Un beau livre sur papier Madagascar, qui voit reproduites 25 miniatures des XIVe et XVe siècle. Un ouvrage collectif, dont les quatre auteurs pressentis illustrent, chacun à sa manière, le rythme des saisons, depuis le Printemps, avec André Gide, jusqu'à l'hiver, avec François Mauriac.
En ces temps plutôt frisquets, je vous propose un extrait d'"Eté", par Jules Romains, un romancier dont je vous ai déjà parlé le 17 juillet passé dans le présent blog, reportez-vous à la rubrique "Auteurs". A l'heure où la sonde Parker Solar Probe, lancée en 2018, va frôler ce jour même la couronne solaire à 700 000 km/h, sous une température de plus de 1400 degrés, avouez que cela a de quoi nous réchauffer le cœur !
De mon côté, je viens de terminer la maquette de Diérèse opus 92 et, une fois n'est pas coutume, je vous en communiquerai la couverture, en avant-première : le numéro sortira des presses de l'imprimeur le 25 janvier, à suivre donc. Elle totalise 328 pages, comme les deux précédentes livraisons.

Vous souhaiter, à toutes et à tous, en ce 24 décembre, d'heureuses fêtes !

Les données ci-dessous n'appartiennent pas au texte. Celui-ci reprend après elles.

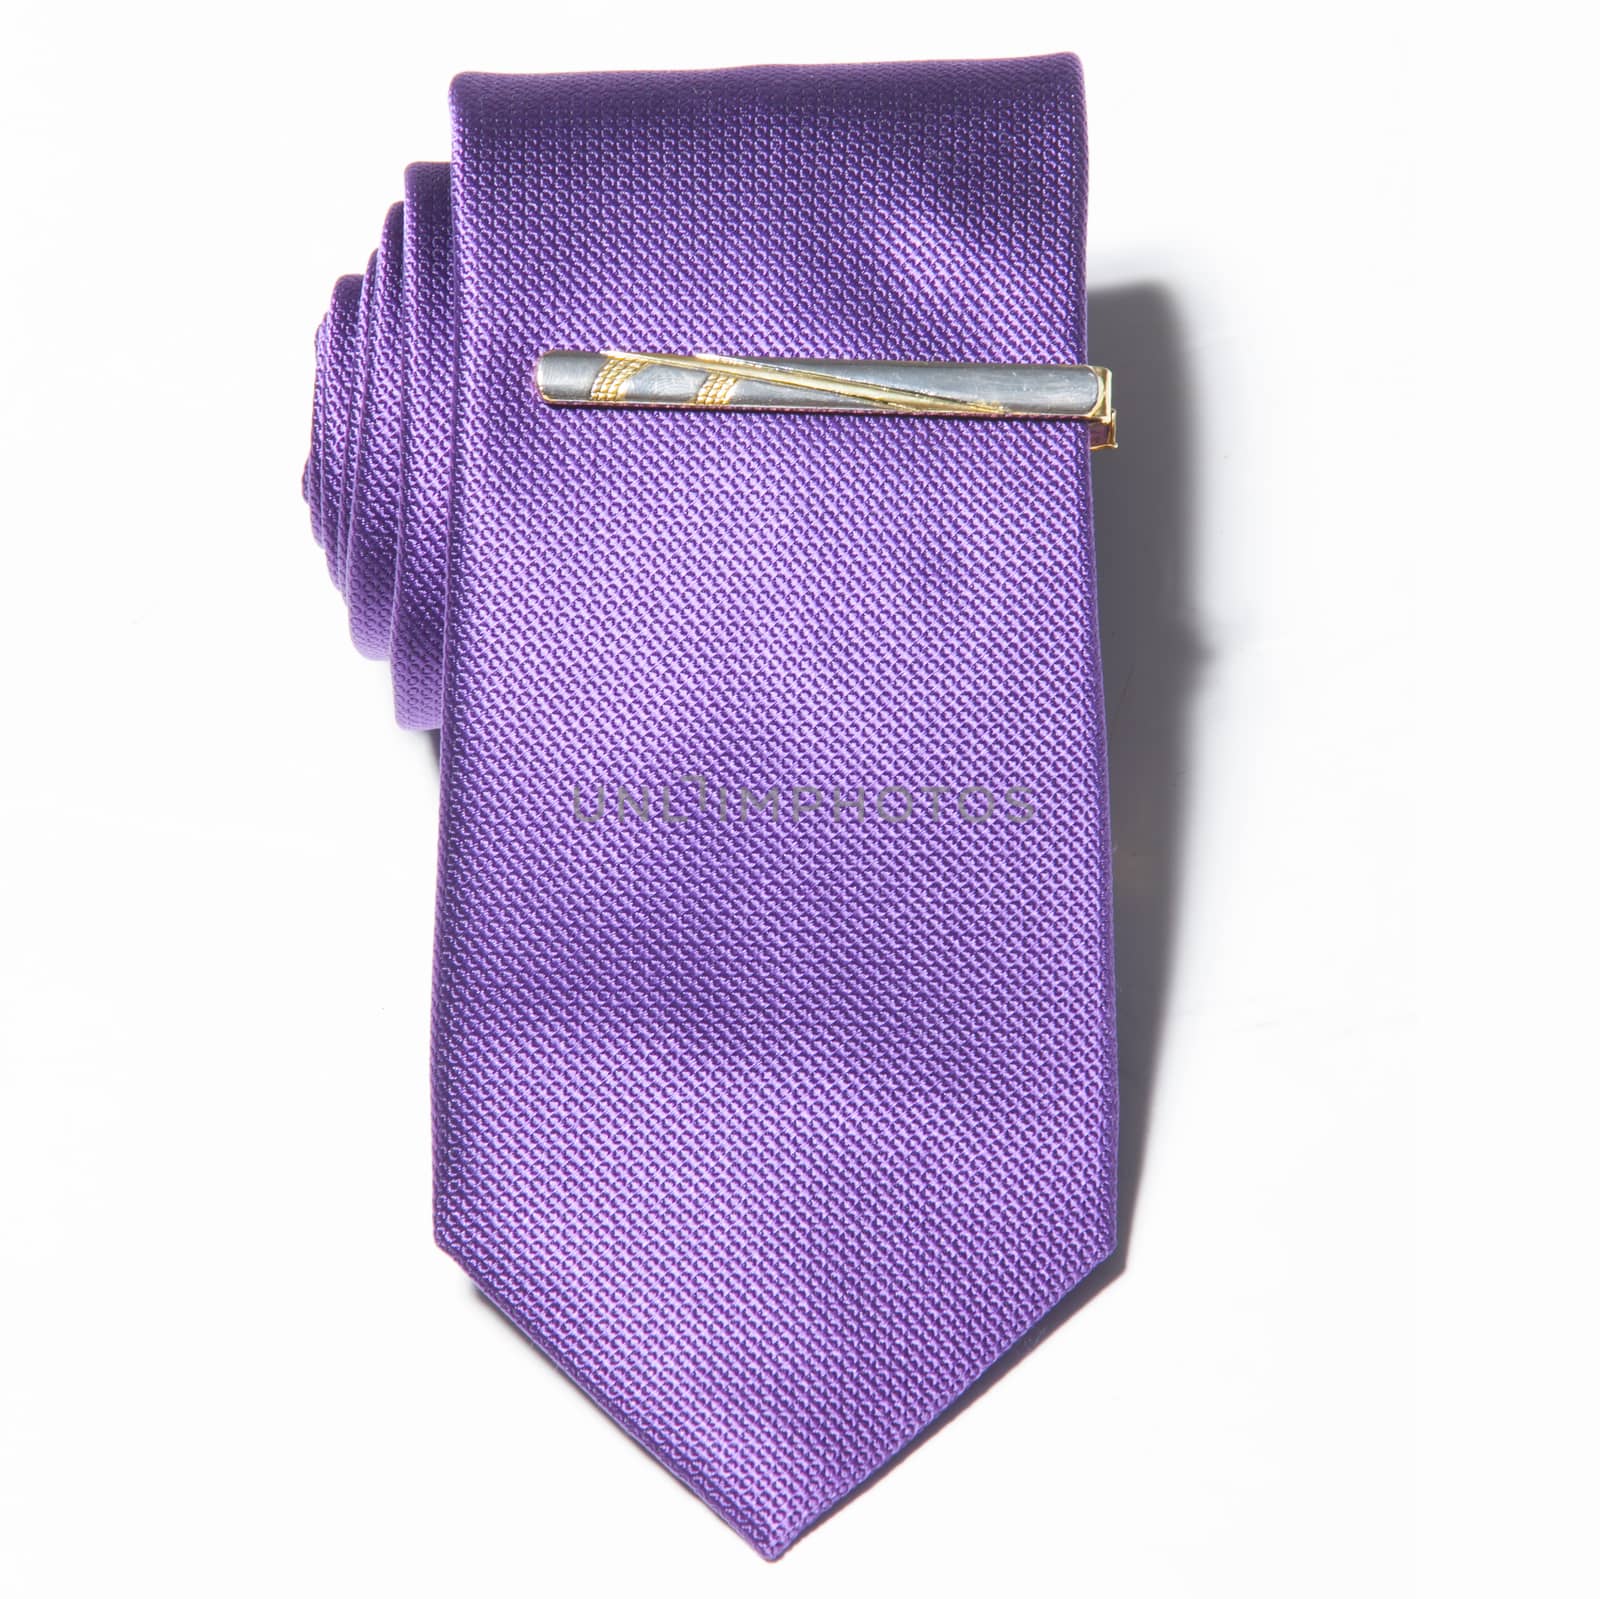 purple tie on a white background by sarymsakov
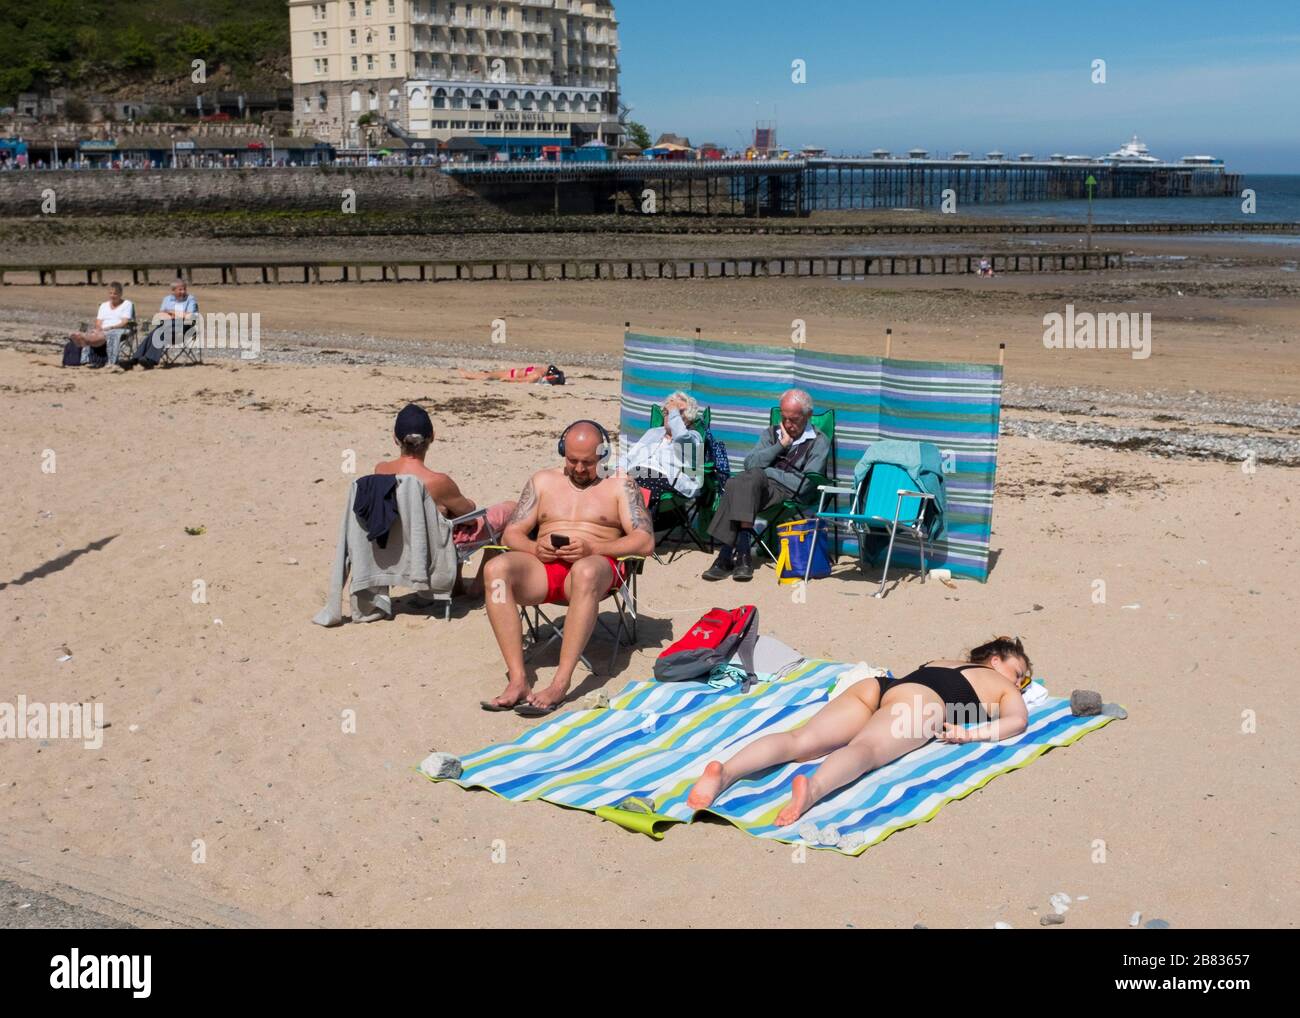 Les gens se bronzer sur la plage à Llandudno, pays de Galles, Royaume-Uni. Banque D'Images

Voici donc, [maintenant que nous voilà entrés dans la phase où les jours vont commencer à rallonger
(à quand l'heure d'été applicable toute l'année durant ?)] :

 

 


J
e suis né en été, vers la fin de la canicule. Je me demande s’il ne s’établit pas quelque lien assez intime entre la saison où nous sommes nés et nous-mêmes. Pour ma part, l’été fut toujours plutôt favorable. J’en éprouve comme un autre les désagréments et les malaises. La violente chaleur ne me fait pas plaisir. Je n’aime pas les temps orageux. Mais c’est en été que j’ai travaillé, que je travaille encore le plus, et le plus facilement. Si mon corps tout seul avait à donner son avis, il se plaindrait peut-être autant de l’excès de chaud que de l’excès de froid. Mais le froid, même lorsqu’il ne règne qu’au dehors et que j’en suis séparé par des murs et des vitres, m’insinue volontiers une paresse, un engourdissement, un penchant à la rêverie passive, à la mélancolie somnolente, et c’est alors à la vie sociale que je m’adresse pour me secouer ; tandis que le fort de l’été coïncide pour moi avec une activité de l’esprit lucide et abondante, le besoin le plus vif de produire et l’illusion que les moyens m’en sont offerts généreusement. Une bonne partie de ce que j’ai fait est l’enfant comme moi de la canicule. La chaleur, en même temps qu’elle m’incommode, m’excite. Et sans doute l’air des semaines orageuses est-il parcouru de fluides auxquels la pensée s’abreuve comme à de subtils robinets d’alcool. 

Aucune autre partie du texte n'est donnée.